Given the wealth of superhero adaptations in movies and TV, it can seem creatively bankrupt to give another shot to a franchise where the last film, while profitable, was pretty universally reviled. All films must make an argument for the viewer’s attention, and a franchise do-over is not a terribly compelling one. However, as The Suicide Squad enters its final act, Gunn gives his violent antics a surprising weight, as his film acknowledges the loaded imagery he’s playing with. The Suicide Squad contemplates the horror of treating lives, however irredeemable, as expendable. It extends that horror to the real-world parallels of its plot, which treats a people, a nation, as expendable, recalling decades of secret and not-so-secret U.S. meddling in the affairs of Latin American nations. It leans into the ugliness of Task Force X, where the carceral system makes it so that the film’s very premise can even happen without much justification in the first place.
Then The Suicide Squad cranks up the volume and lets the credits roll without saying much else, electing to center its climax on a feel-good character beat about irredeemable outcasts learning their worth instead of interrogating the more structural ideas it raises throughout. It’s satisfying enough, but it also feels like a cop-out, one that leaves just enough room for a sequel to do it all again, to much the same ends. It’s the unique trap of a franchise like Suicide Squad: much like other superhero films require audiences to accept dressing up as a vigilante bat is an acceptable response to trauma, the Suicide Squad will always be about immoral people trapped in an immoral game, using villains to jeer at the villainy of the institutional powers that weaponize them.

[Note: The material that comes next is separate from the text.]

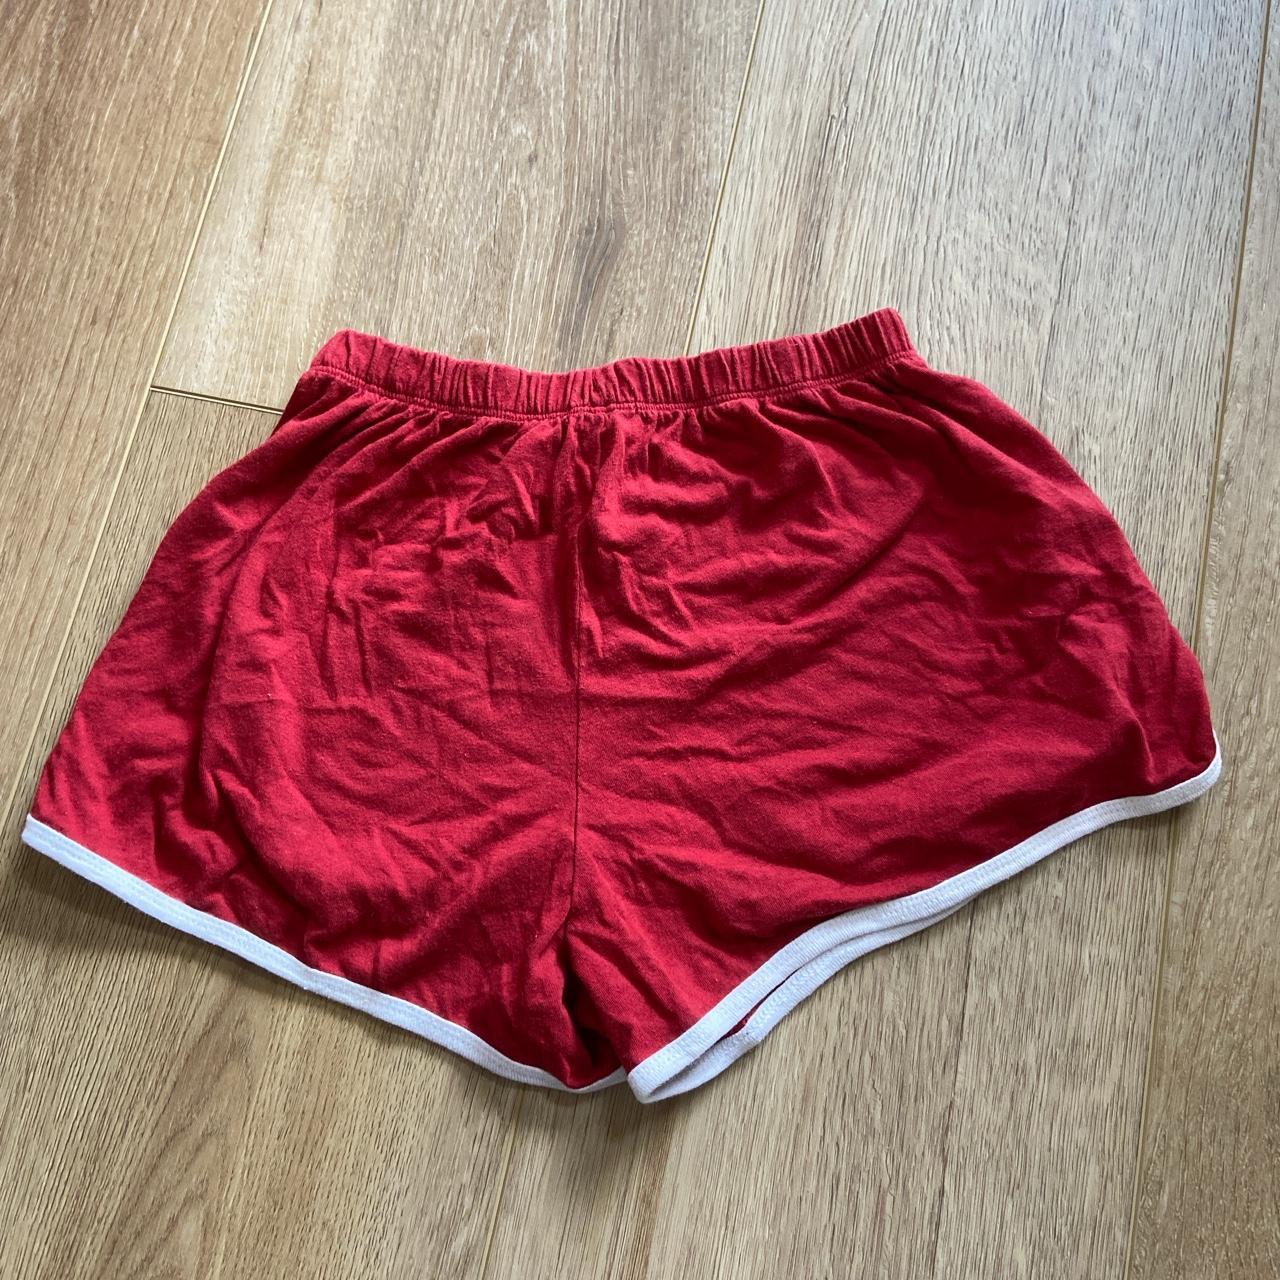 BRANDY MELVILLE - red shorts -super comfy - Depop

In the open-ended and endless realm of comic books, returning to this well over and over again is the nature of the beast, repetition and reinvention are the stock and trade of a serial medium. In movies, though, where closure is expected, it’s just another reminder that in 2021, the only thing not expendable is intellectual property. The Suicide Squad arguably would have happened without James Gunn. The movie he got to write and direct feels like the satisfying product of a man grateful to make it, and not a bold, potentially alienating vision from someone well aware they may not get another chance.